19 dic. 2012

OPINIONES SOBRE LOS PROGRAMAS DE REPARTO DE ALIMENTOS (I)

En estas entrada vamos a recoger algunas de las opiniones que diferentes estudios, organizaciones y profesionales tienen en relación a los programas de reparto de alimentos.


Posición de Cáritas Zaragoza (Revista La Calle de Todos, mayo 2012):

“Ante la difícil situación económica y social que estamos viviendo, nuestra experiencia nos encamina a pensar que los esfuerzos no deben ir orientados en aumentar la distribución directa de alimentos a familias, porque consideramos que este tipo de recursos están destinados a un perfil muy concreto de personas, normalmente en situación de emergencia.

Esto no supone una crítica a los programas de reparto de alimentos existentes, siempre y cuando se realicen con una metodología de acción que favorezca una atención adecuada de las personas que viven una situación de emergencia: una acogida digna, conocimiento de las necesidades reales, información de otros recursos y seguimiento del consumo de los alimentos.

El volumen mayoritario de las familias en situación de necesidad presenta otras características, a las cuales no se adecuan el reparto directo de alimentos.

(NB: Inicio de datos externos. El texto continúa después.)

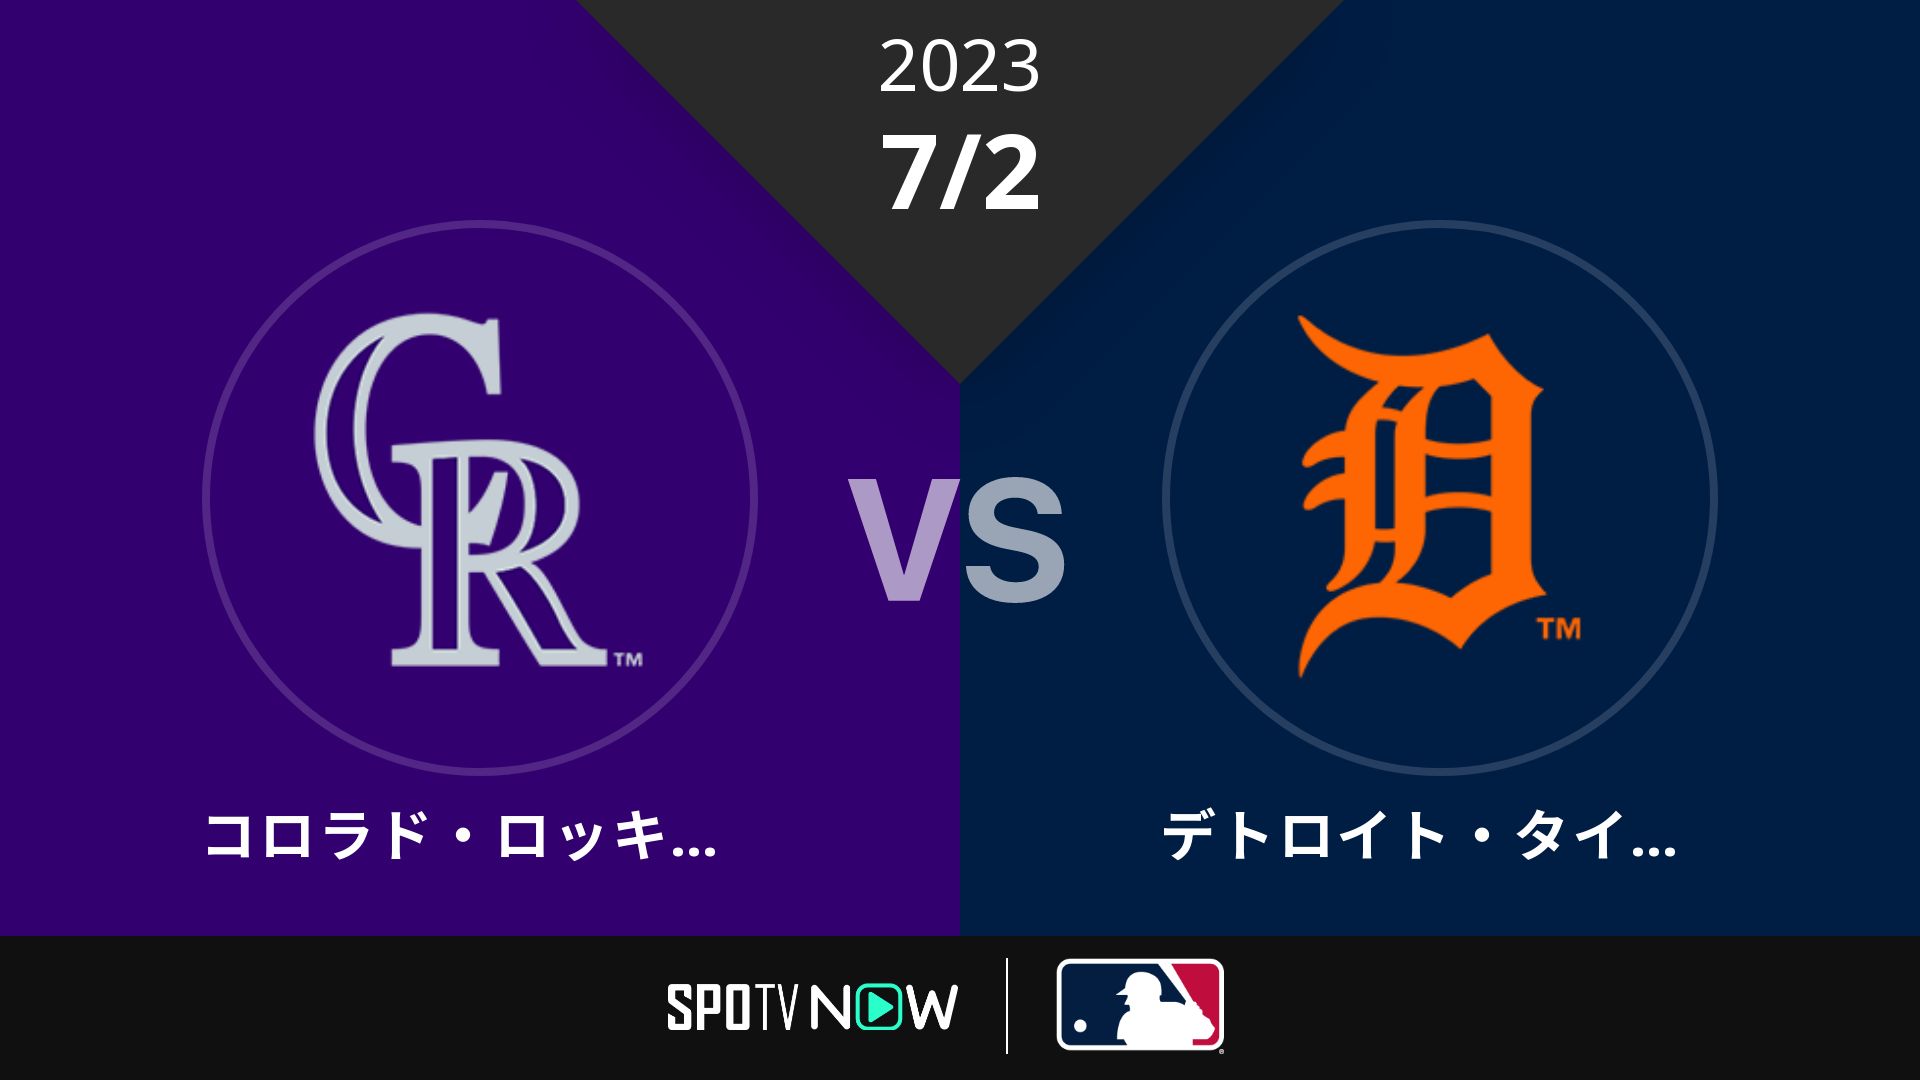 2023/7/2 ロッキーズ vs タイガース [MLB]

Por otro lado, el reparto indiscriminado de alimentos pude conllevar otras consecuencias más negativas que las que pretende subsanar. El reparto de alimentos sin una sistematización y metodología adecuada puede generar dependencia y falta de autonomía a las familias que lo reciben. Además, en función de la situación familia, la entrega de alimentos indiscriminada no soluciona el problema si no se trabajan otras cuestiones educativas y promocionales con la familia.

Por todo ello, el esfuerzo hay que ponerlo para que el sistema y los recursos existentes tanto públicos como privados funcionen y puedan dar cobertura a todas las necesidades. En este momento consideramos que hay suficientes recursos para poder realizar una cobertura de necesidades básicas con una metodología de trabajo educativa y promocional, donde la familias sean protagonista y parte activa en la solución de sus problemas y no sea mera receptora de ayudas en especie. Por ello, es necesario fortalecer los Servicios Sociales públicos y aprovechar al máximo los recursos privados de las entidades sociales.

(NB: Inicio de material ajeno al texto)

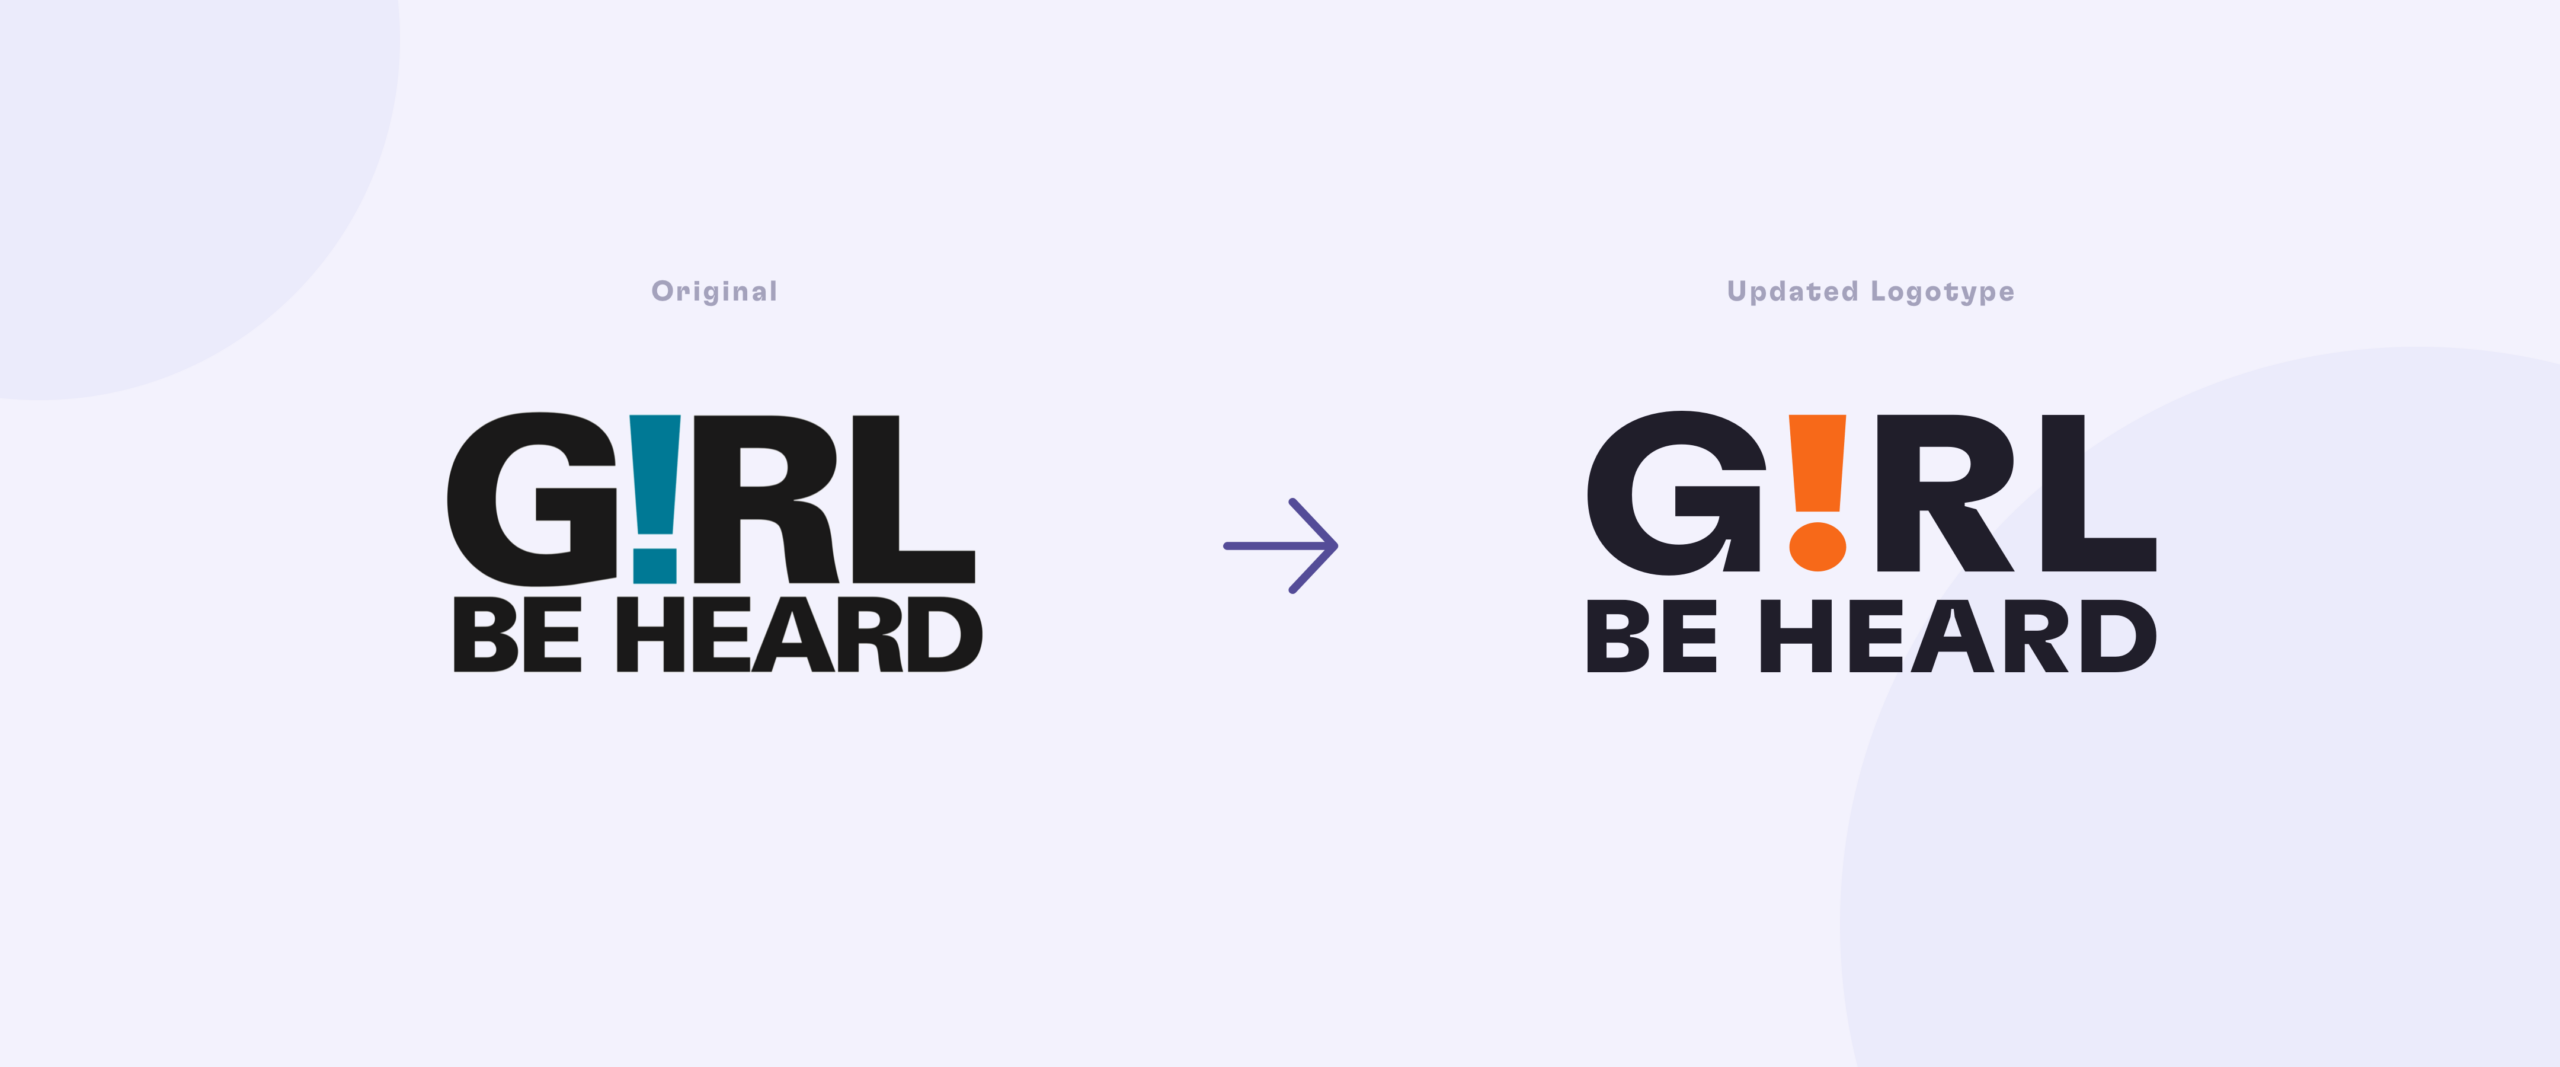 Girl Be Heard Original vs. Updated Logotype

Por otro lado, es importante promover en la ciudadanía un mayor compromiso que favorezca el apoyo y el acompañamiento a estas familias, favoreciendo grupos de referencia en los barrios para sostener también emocionalmente, informar de los recursos disponibles y acompañar. Todo ello fomentará el sentido de pertenencia de las personas y evitará el desarraigo elemento fundamental que conduce hacia mayores cotas de exclusión. Es necesario romper ese mecanismo para evitar que las personas que hoy sólo tienen carencia materiales, no caigan mañana en la exclusión social.”